SUPPLIED MATERIAL
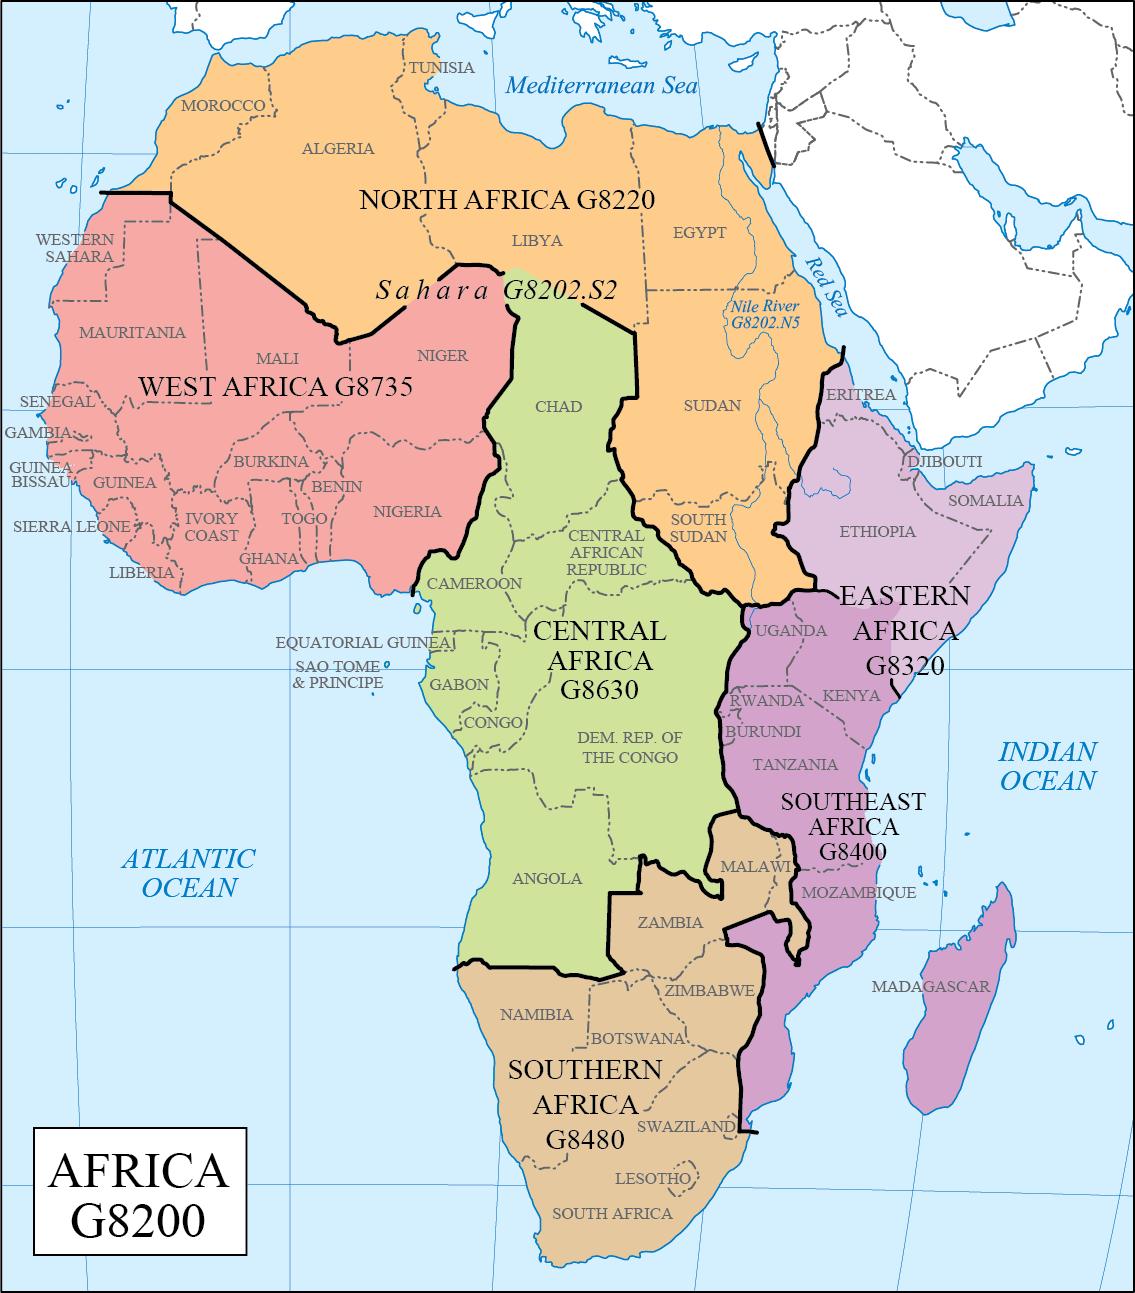 Africa Regions Map LC G Schedule Map 33: Africa Regions | WAML Information Bulletin
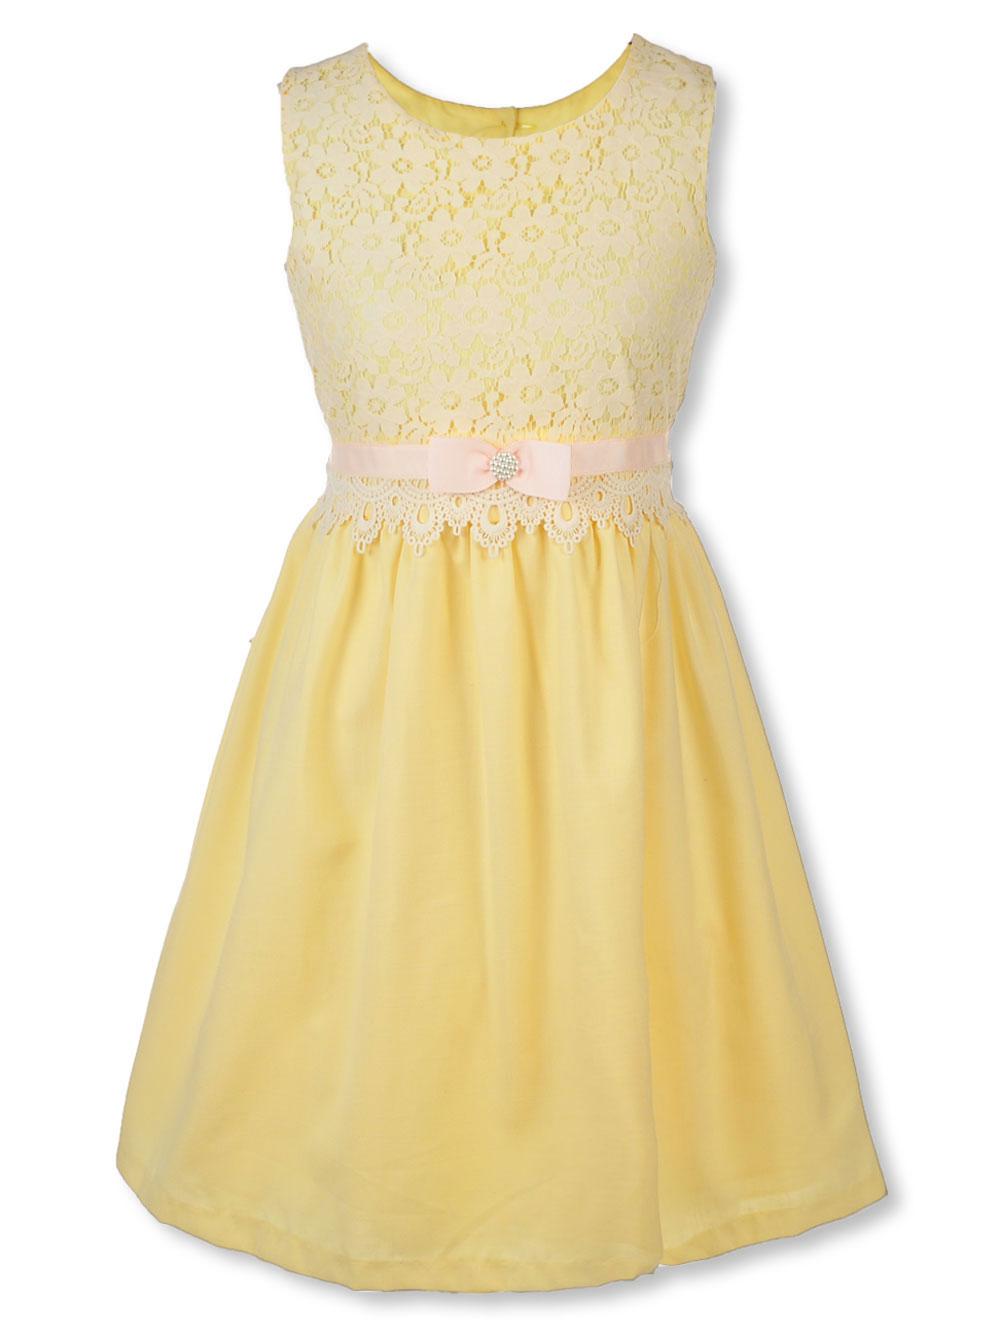 Big Girls\' Plus Size Dress by Bonnie Jean in Yellow
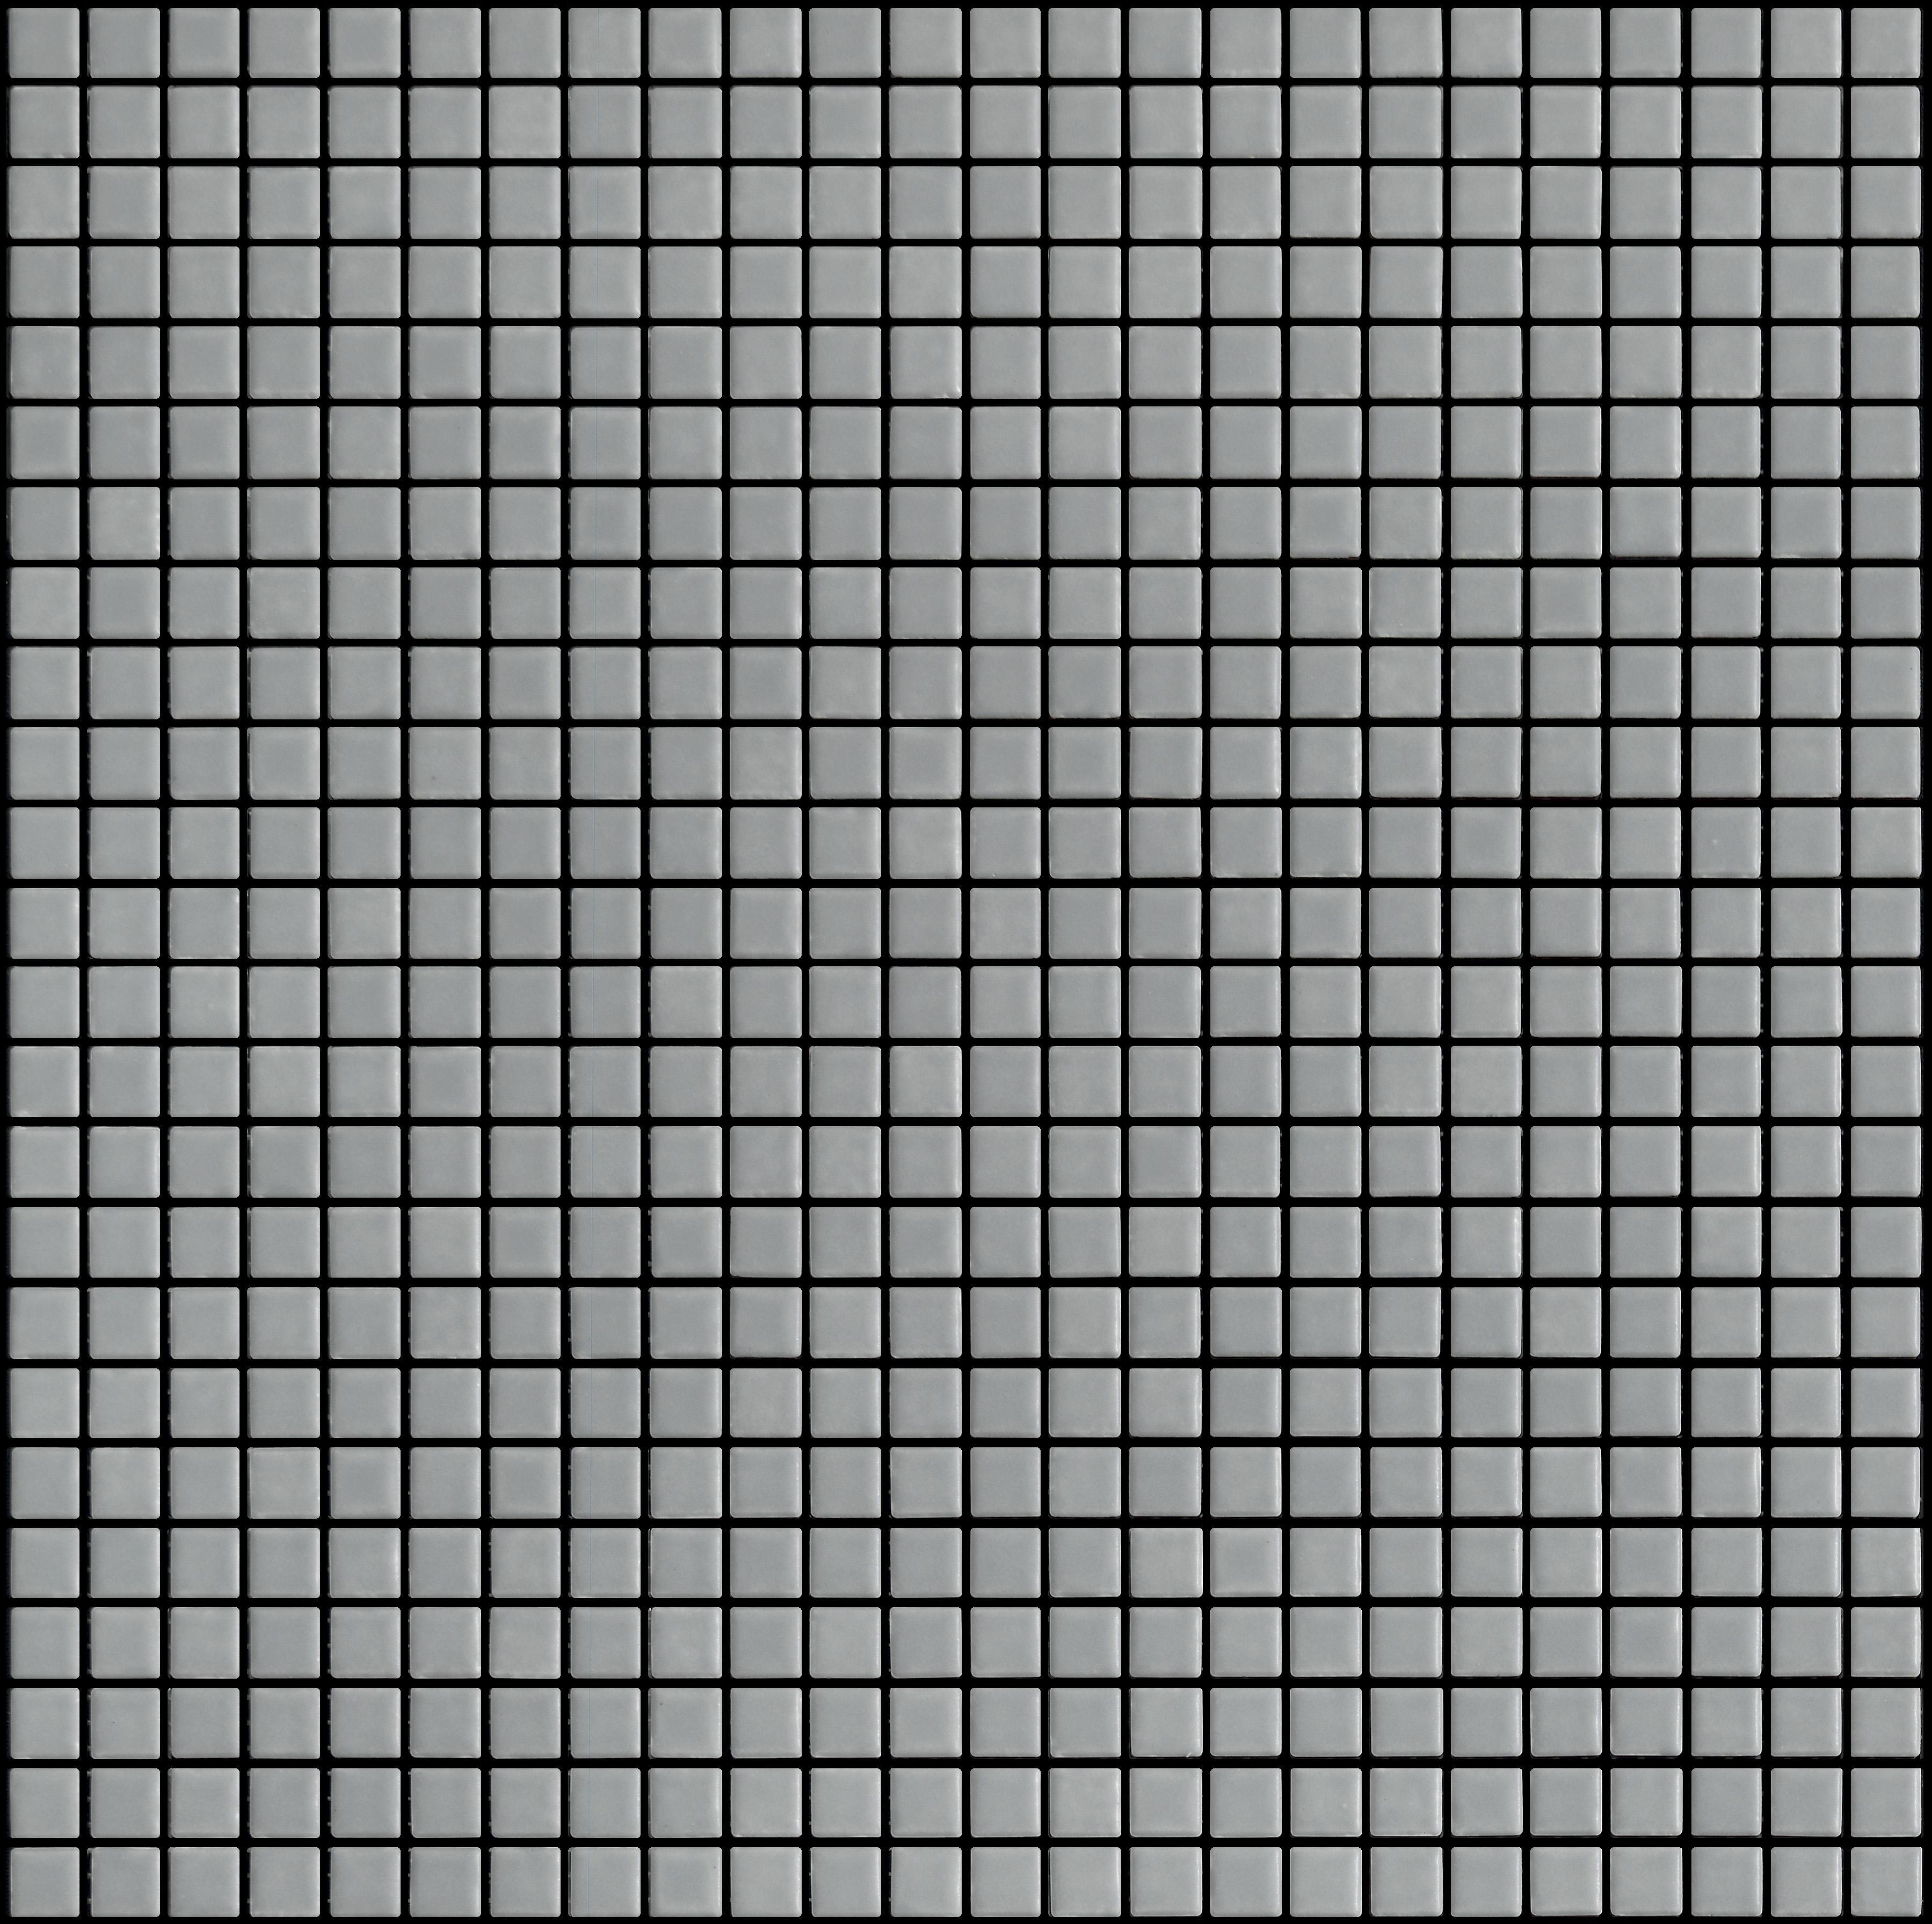 Seta 1,2x1,2

YOUR GOAL
The whole listing is to be written out exactly; the pictures stay out of the copy.

FINAL ANSWER
 Africa Regions Map LC G Schedule Map 33: Africa Regions | WAML Information Bulletin
 Big Girls\' Plus Size Dress by Bonnie Jean in Yellow
 Seta 1,2x1,2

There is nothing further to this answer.